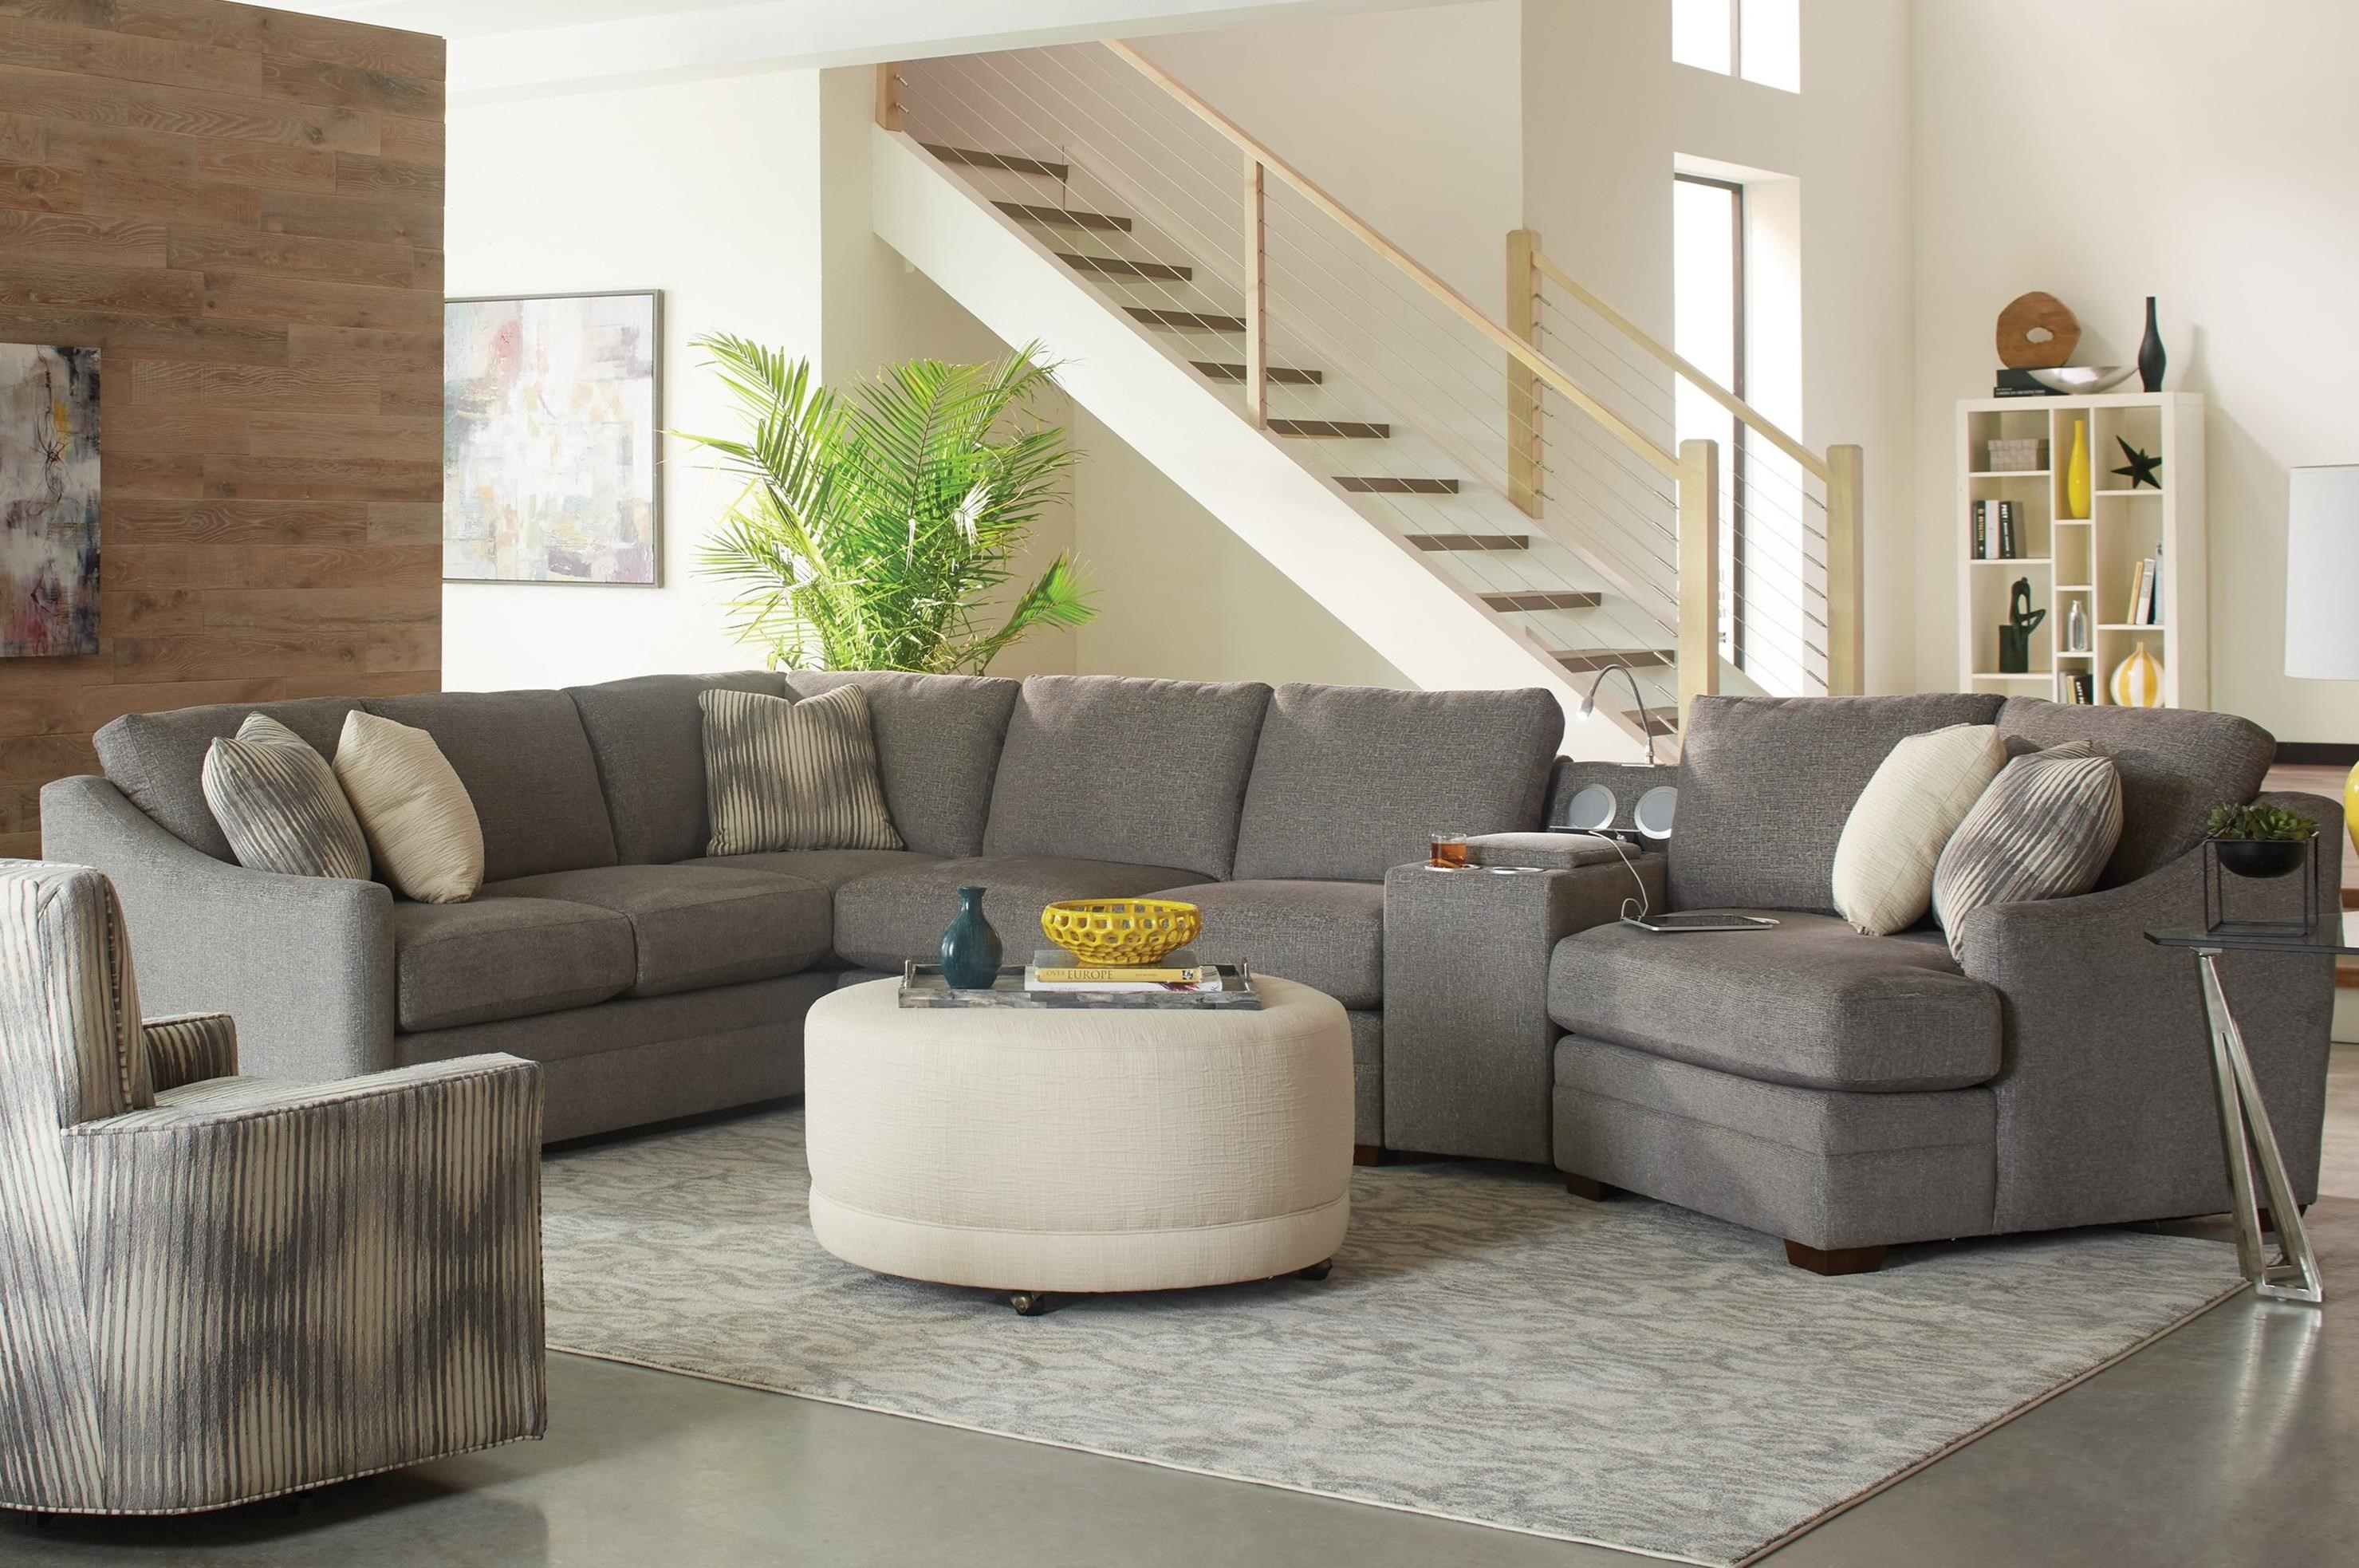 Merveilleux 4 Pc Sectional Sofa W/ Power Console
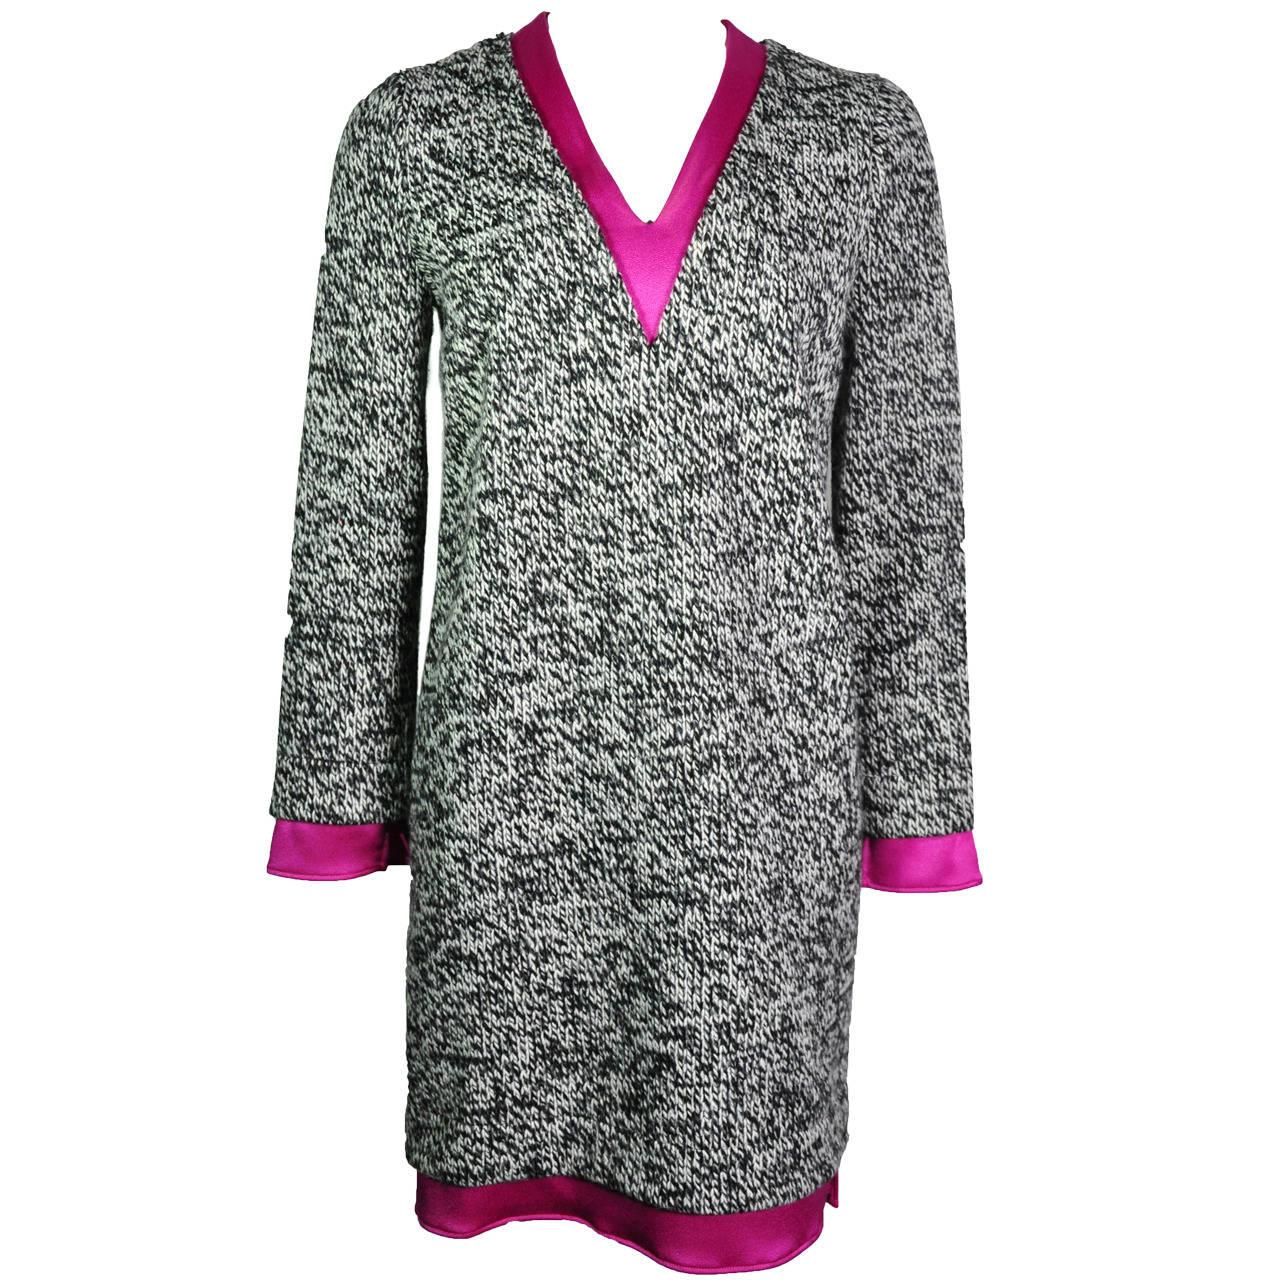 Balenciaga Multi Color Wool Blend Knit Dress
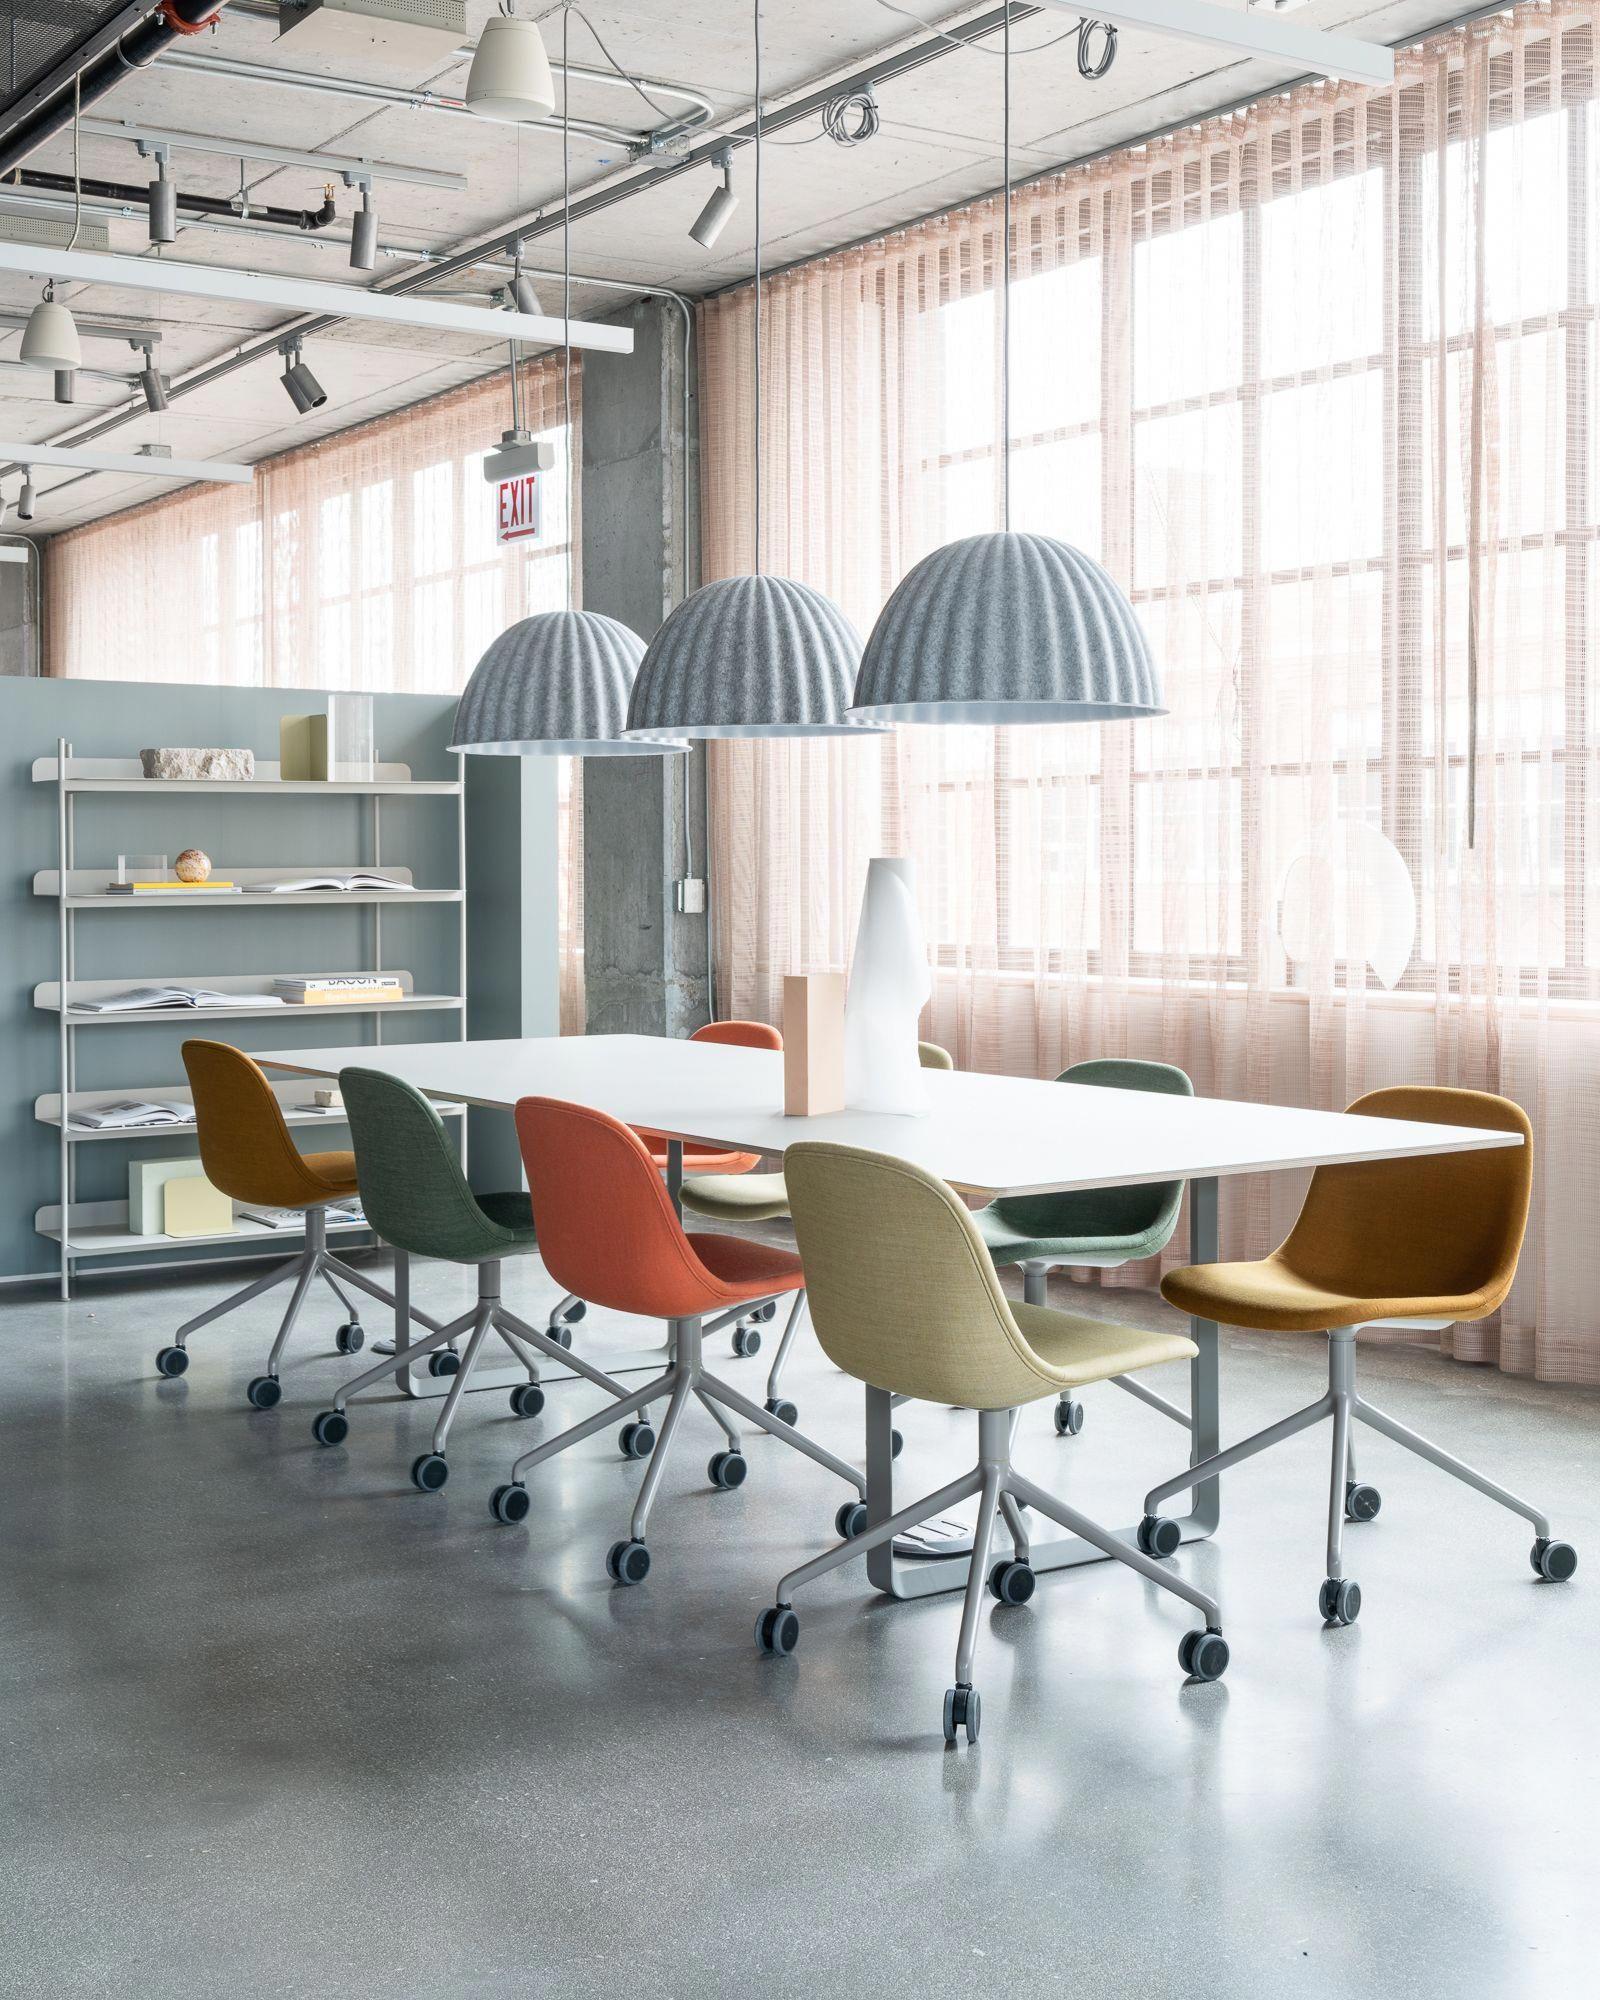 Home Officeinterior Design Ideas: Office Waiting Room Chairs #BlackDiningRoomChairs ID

- - -

## Description of the task
Exclude every picture and copy the remaining data exactly.

## Solution
 Merveilleux 4 Pc Sectional Sofa W/ Power Console
 Balenciaga Multi Color Wool Blend Knit Dress
 Home Officeinterior Design Ideas: Office Waiting Room Chairs #BlackDiningRoomChairs ID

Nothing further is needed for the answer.